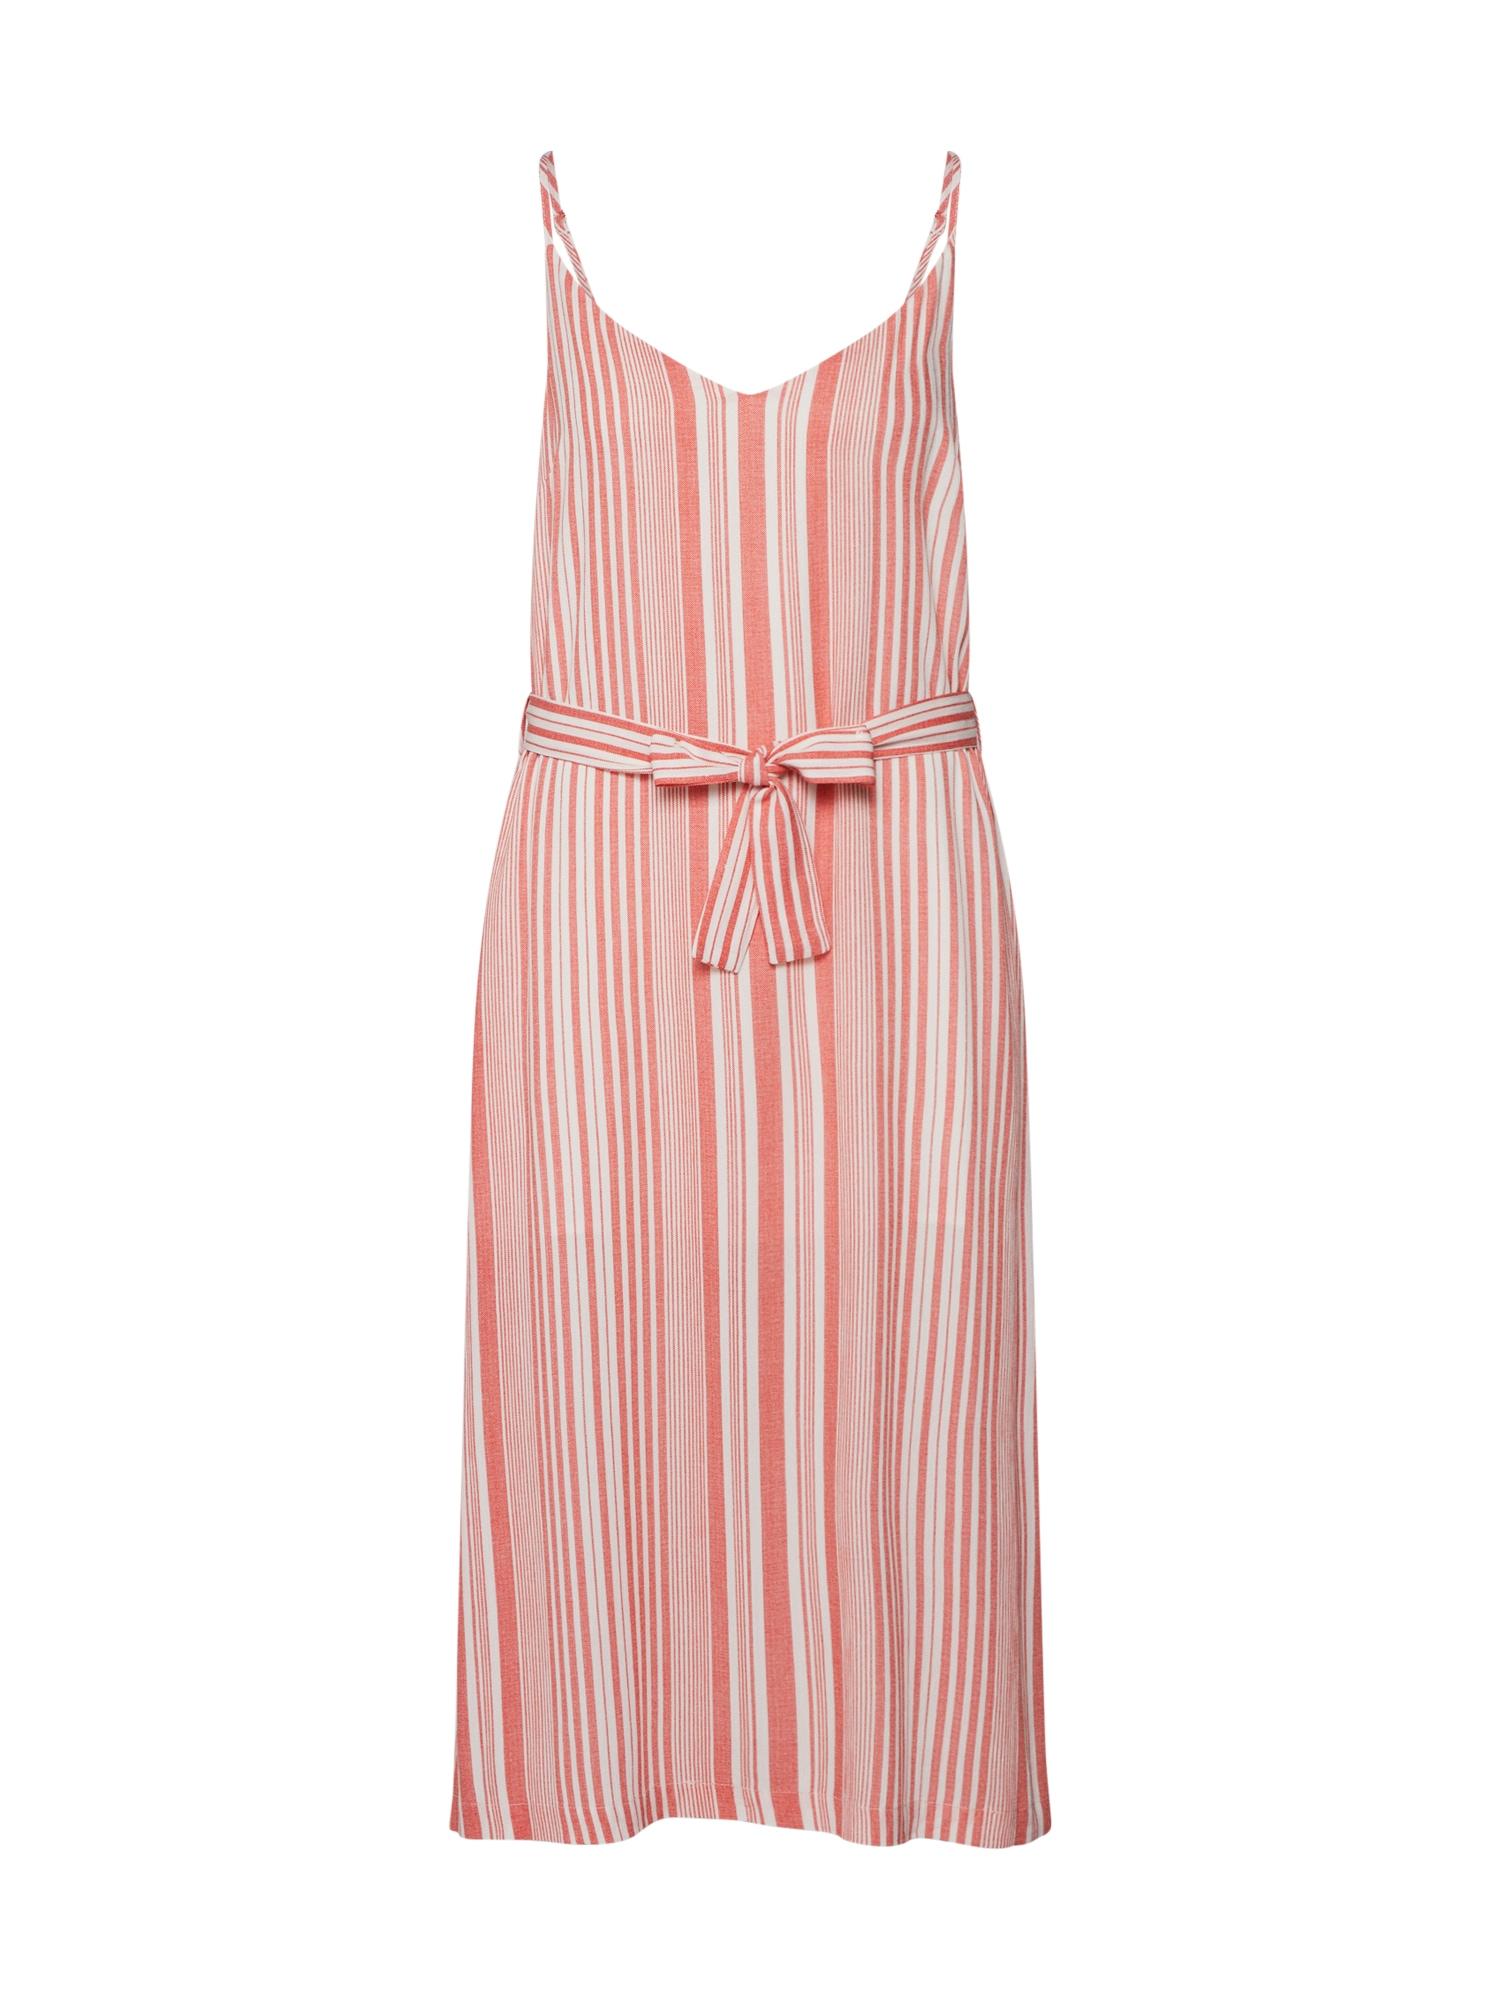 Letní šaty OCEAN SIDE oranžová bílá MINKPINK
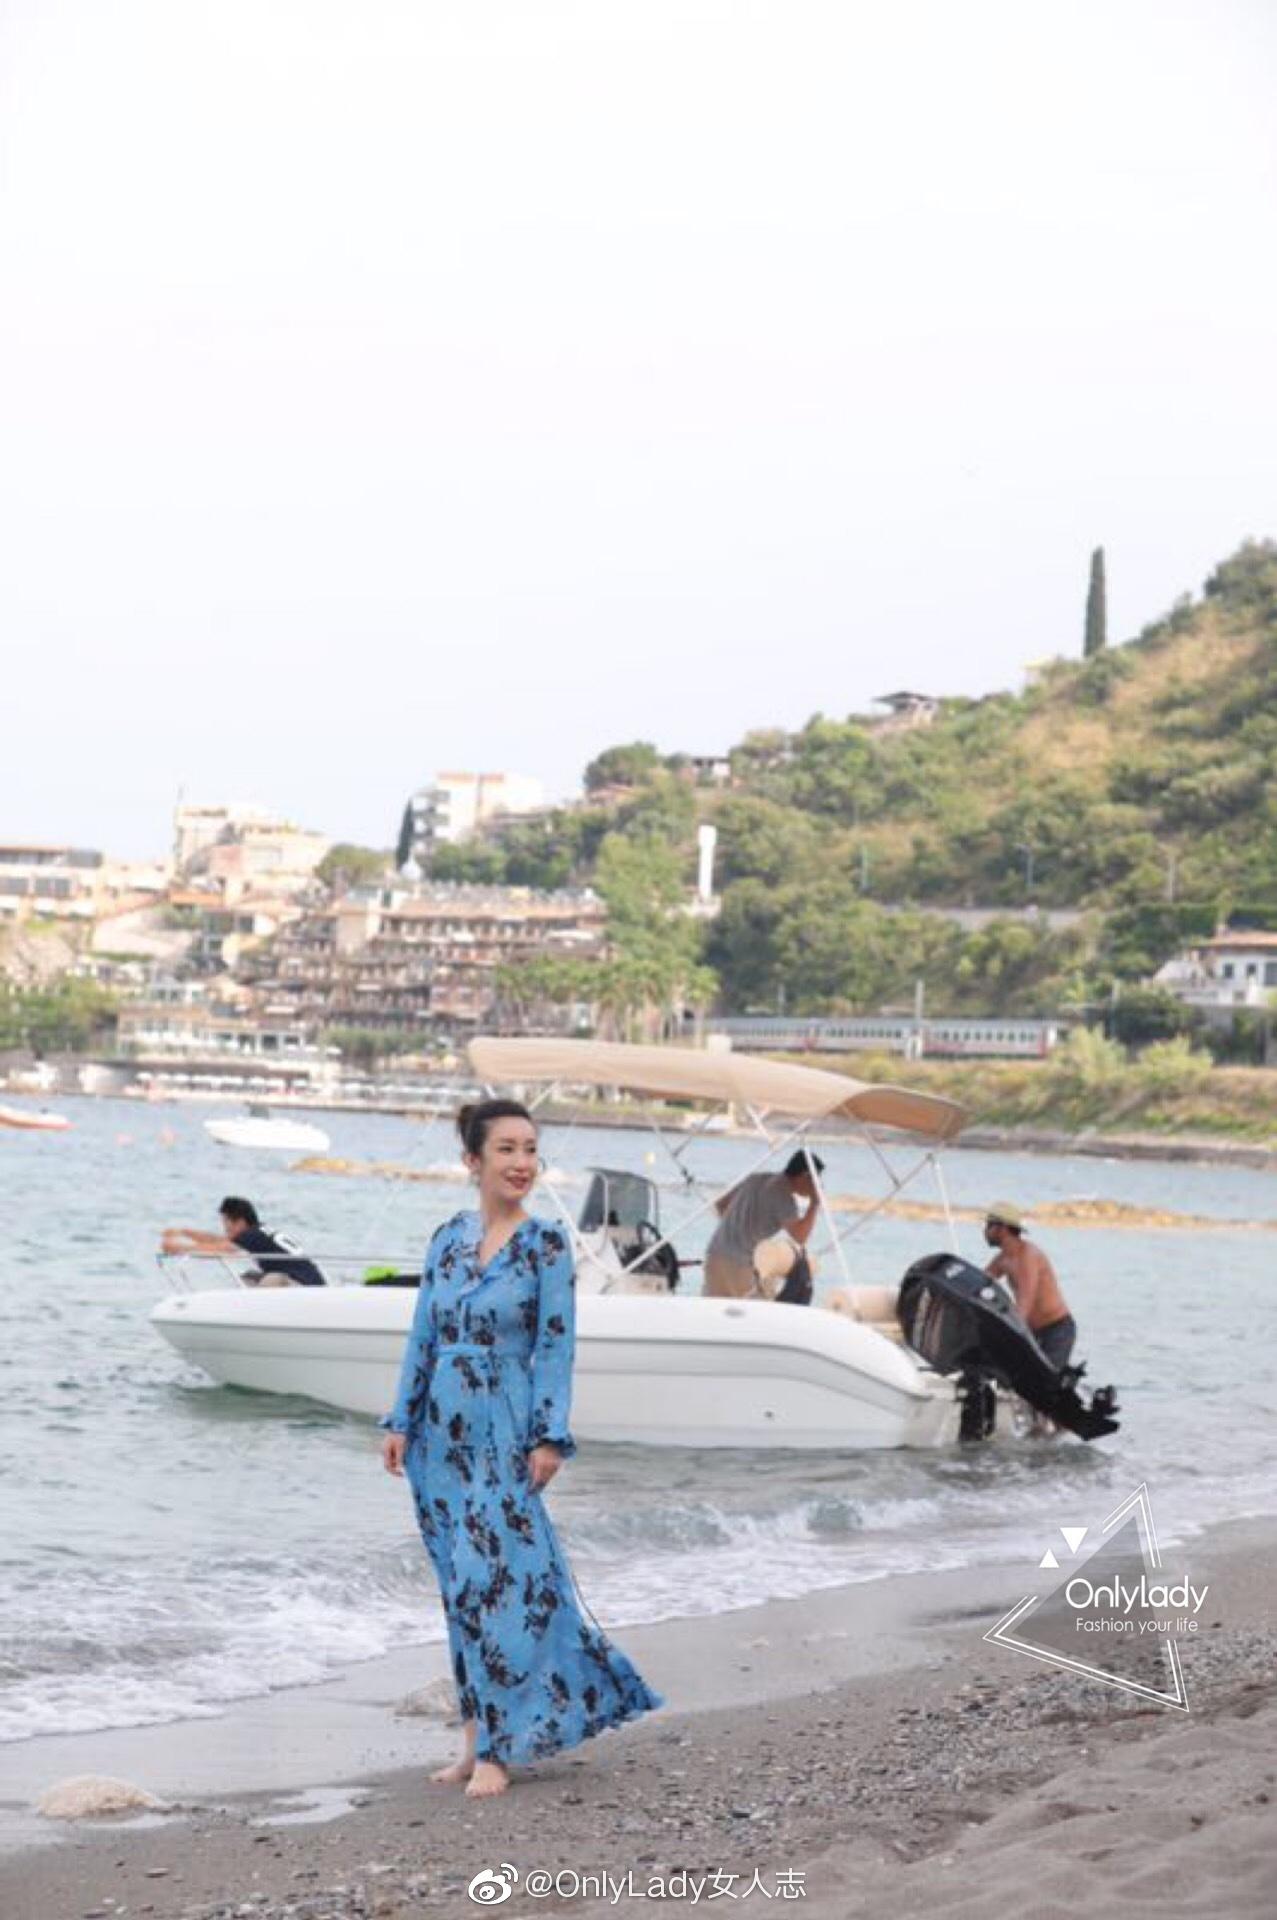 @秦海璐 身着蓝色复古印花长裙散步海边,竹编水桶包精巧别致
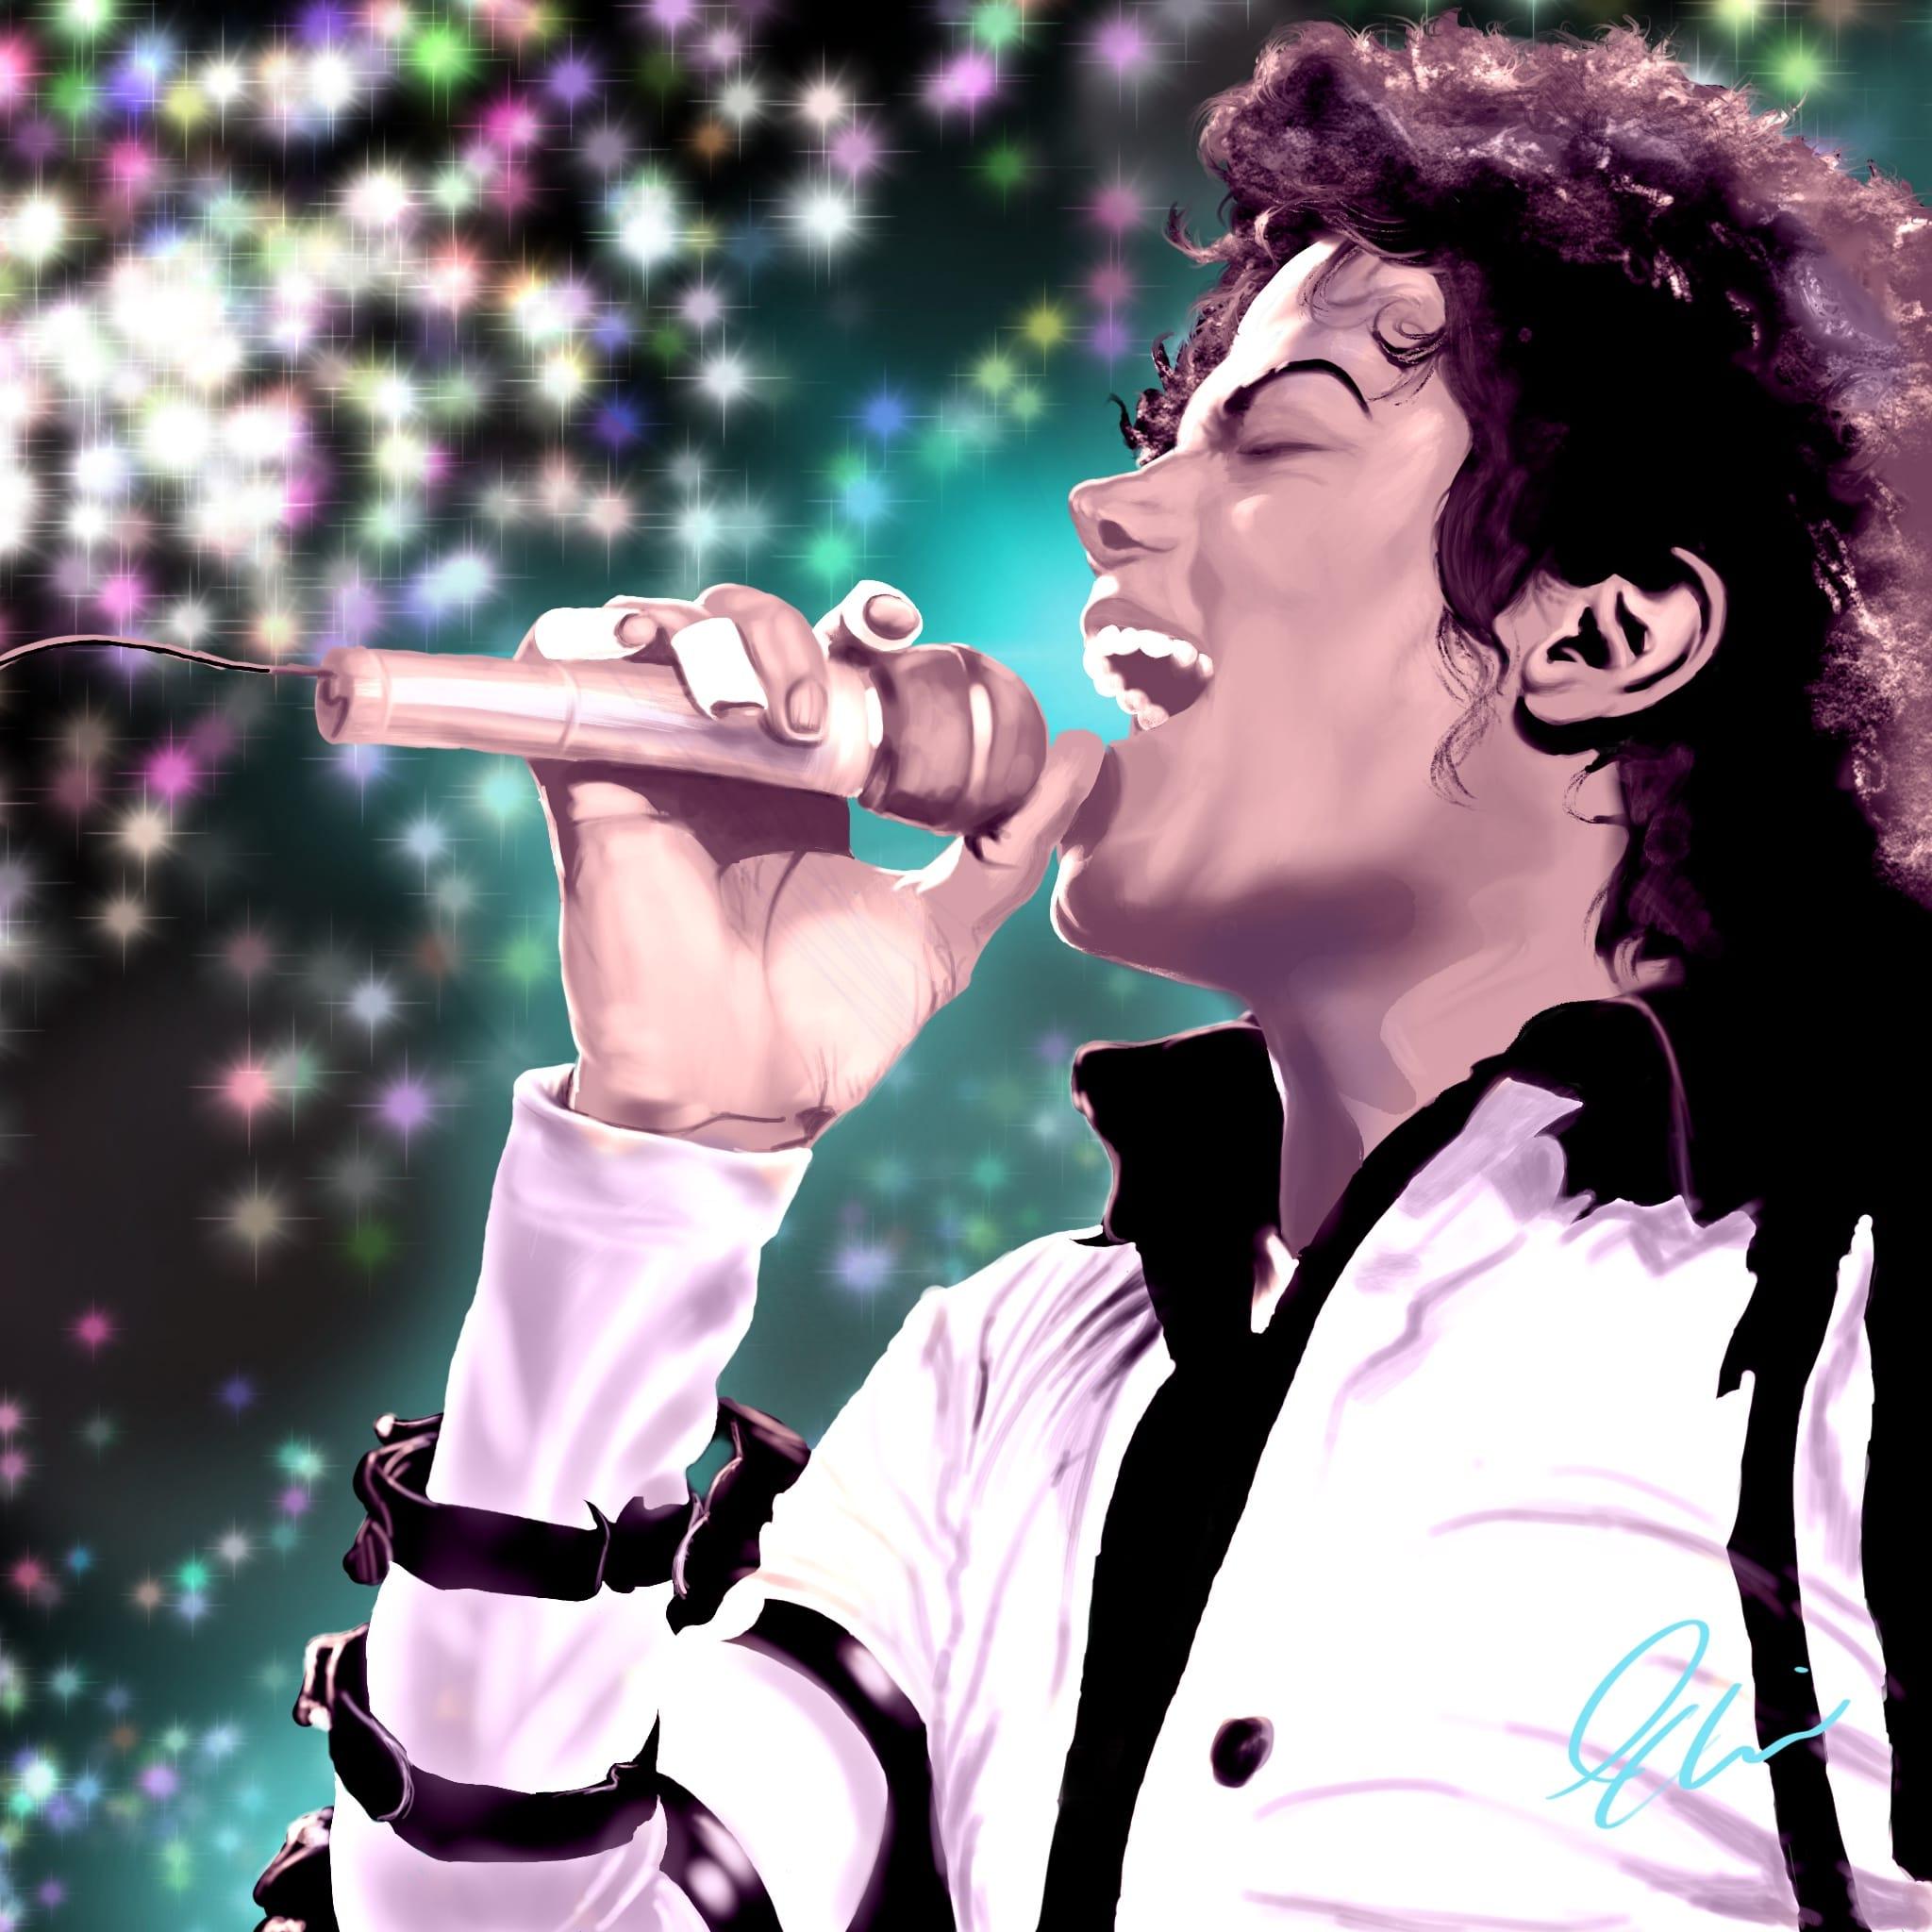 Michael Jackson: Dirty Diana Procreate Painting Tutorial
=======
• What to produce: The expected output is the whole listing, word for word, minus its pictures.

• Completed task:
 Letní šaty OCEAN SIDE oranžová bílá MINKPINK
 @秦海璐 身着蓝色复古印花长裙散步海边,竹编水桶包精巧别致
 Michael Jackson: Dirty Diana Procreate Painting Tutorial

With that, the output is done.